Interestingly, diet can have both direct and indirect effects on cancer prevention, prognosis and treatment response. Healthy, mostly plant-based diets are associated with a large diversity of gut microbial species often including beneficial Lactobacilli and Bifidobacterium. Such diets provide significant fibre and antioxidant compounds which can directly inhibit cancer growth, and through the microbiome, they can positively influence anti-tumour immune responses (an indirect effect). In fact, the microbial species found in healthier microbiomes also produce nutrients which can improve immune T cell function and reduce inflammation, both of which are important for effective cancer treatment.
By contrast, large amounts of simple sugars, salt, alcohol metabolites, saturated and trans fatty acids found in diets high in refined cereals, sugar-sweetened beverages, alcohol, and red and processed meat (so-called Western diets), seem to foster the growth of fewer species with a preponderance of less beneficial Bacteroides species.
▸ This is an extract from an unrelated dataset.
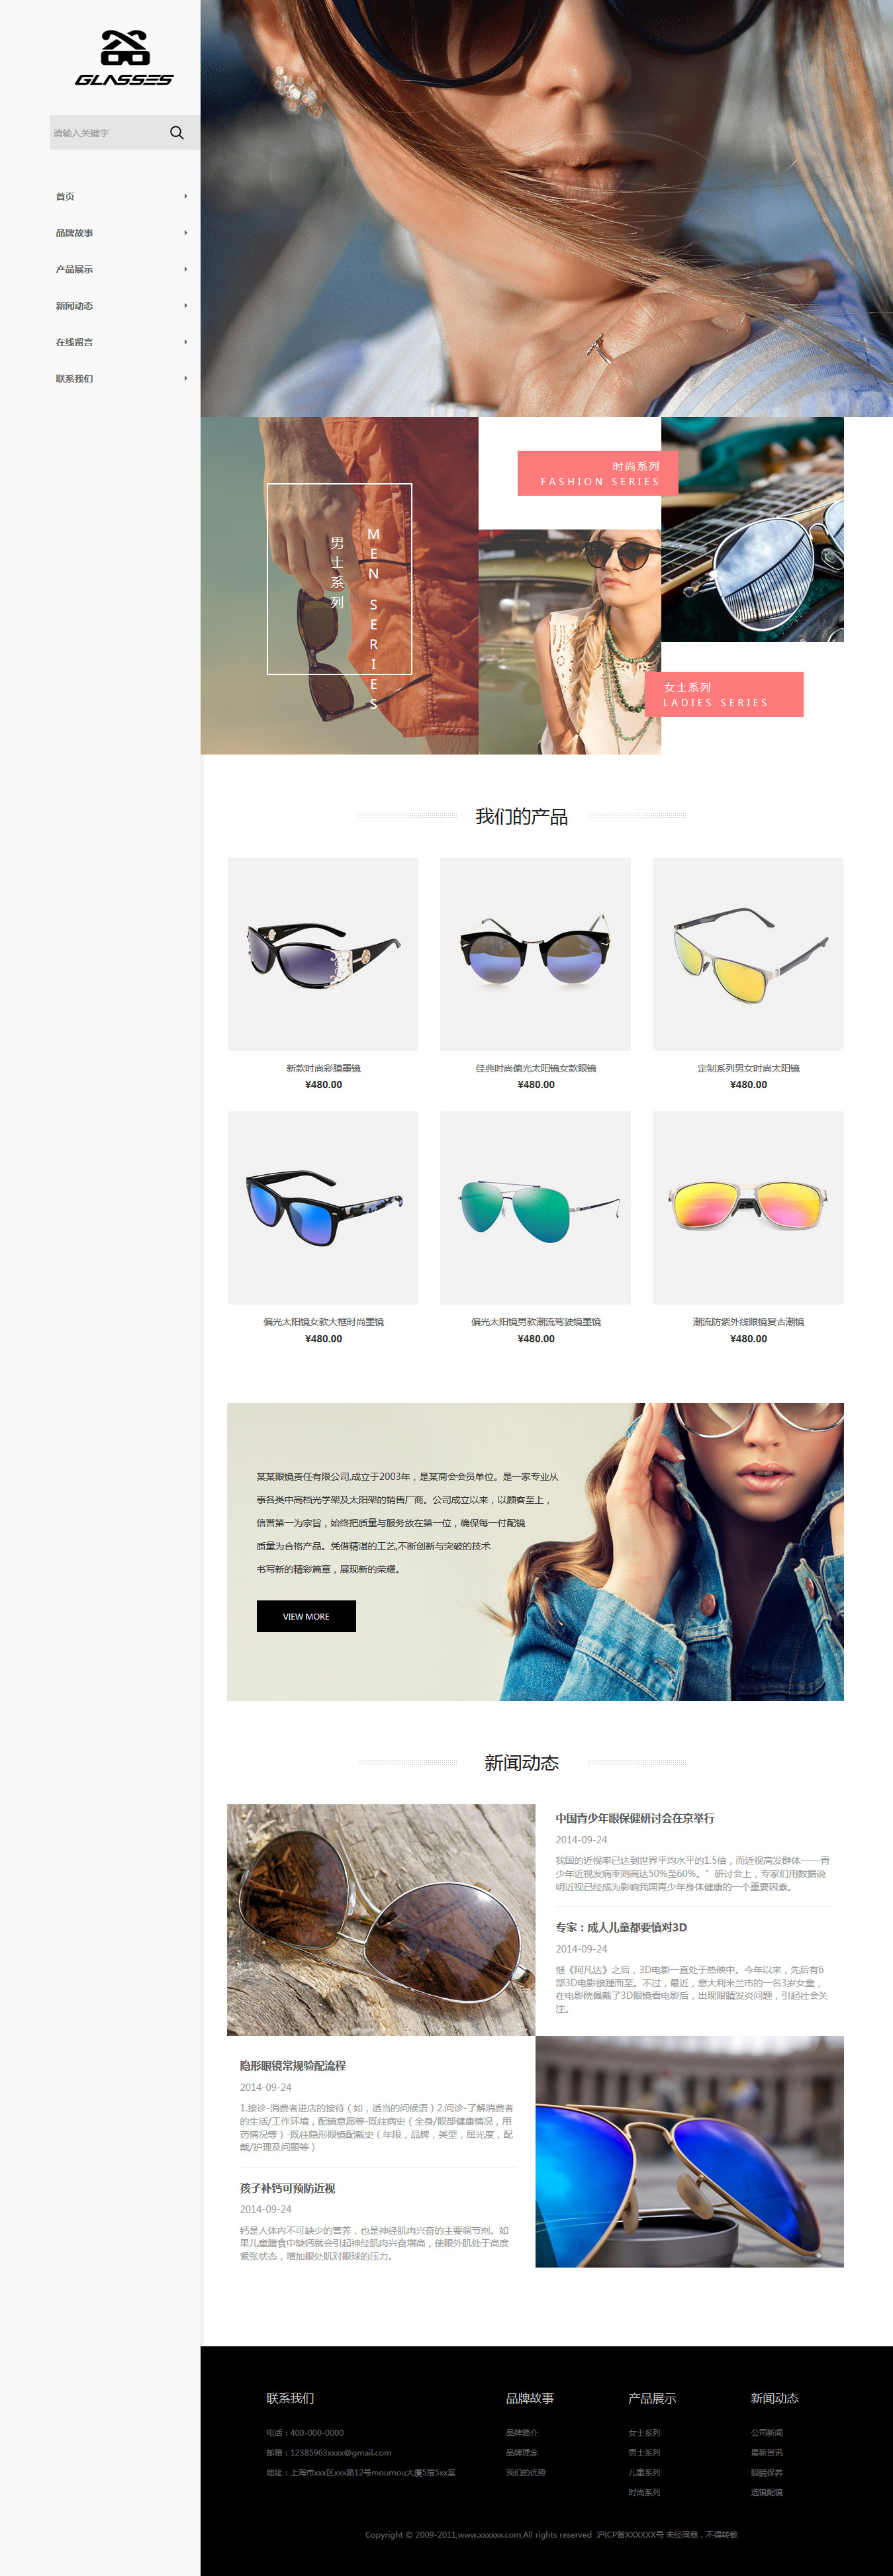 企业网站精美模板-glasses-480

Western diets are associated with negative immune and cancer effects by increasing inflammation, promoting cancer cell growth and reducing cancer cell death.
Not surprisingly, the gut microbiomes of CPI responders are similar to those who follow a whole foods diet, whereas the non-responders’ microbiomes resemble those of Western dieters. Mouse model studies have also shown beneficial (cancer fighting) interactions between specific microbiomes and CPIs, suggesting that the efficacy of CPIs could be improved through microbiome modulation. When researchers transplant fecal microbiota from human CPI responders and non-responders into mice with cancer being treated with a CPI, the responses of the mice will parallel those of the humans.
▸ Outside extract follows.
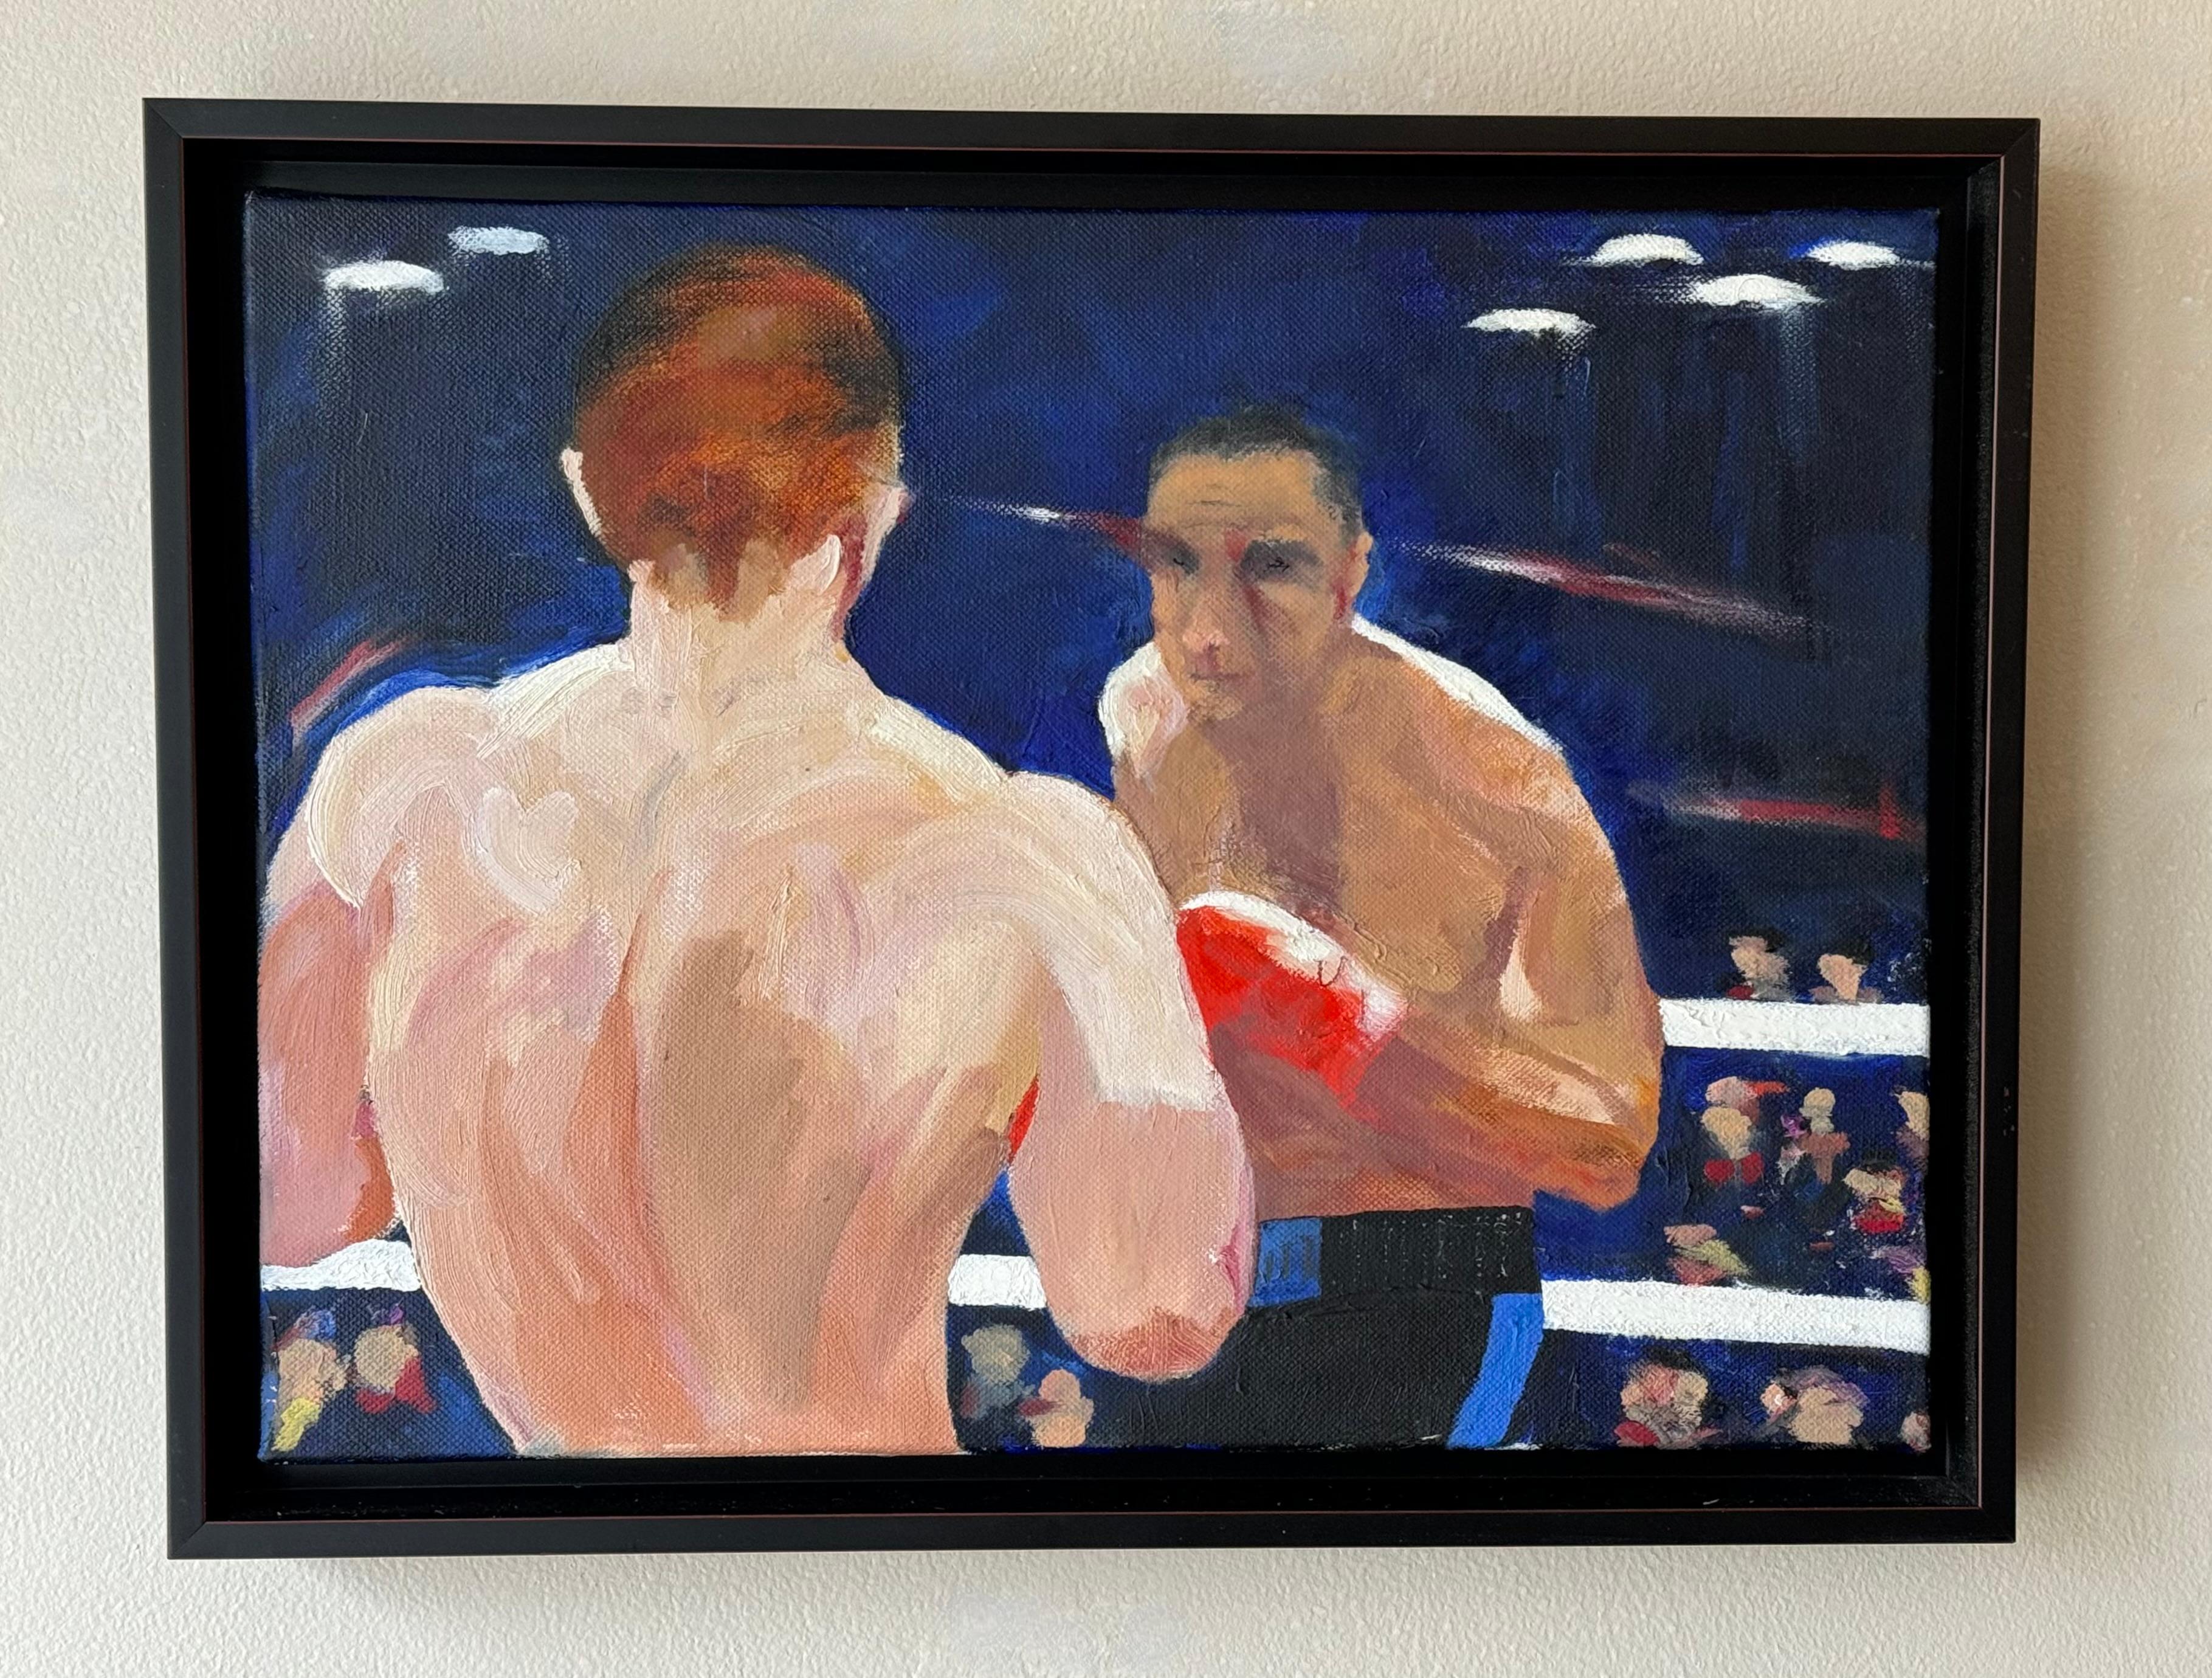 Peinture acrylique sur toile représentant deux boxeurs sur le ring avec les spectateurs en arrière-plan. Réalisé dans un style abstrait légèrement figuratif avec l'aspect et l'ambiance des années 1950. La toile elle-même flotte dans le cadre qui est

One might wonder if it wouldn’t be easier to take a good probiotic supplement. However, probiotic trials have produced mixed results. These authors state that a probiotic supplement may be a “double-edged sword” as serious blood infections with probiotic use may occur, especially in those who are immune compromised. However, cancer treatment trials using probiotics are ongoing and probiotics may be helpful for some. In the meantime, fostering a diverse range of healthy microbes is possible with eating a mostly plant-based diet and minimizing sugary and processed foods as well as alcohol.
While this paper focused on the interaction of the diet, microbiome and immunotherapy, there is no reason to believe that a mostly plant-based diet wouldn’t also benefit other more traditional cancer therapies. The links between a healthy diet, a healthy microbiome, and enhanced immunity are rapidly gaining evidence.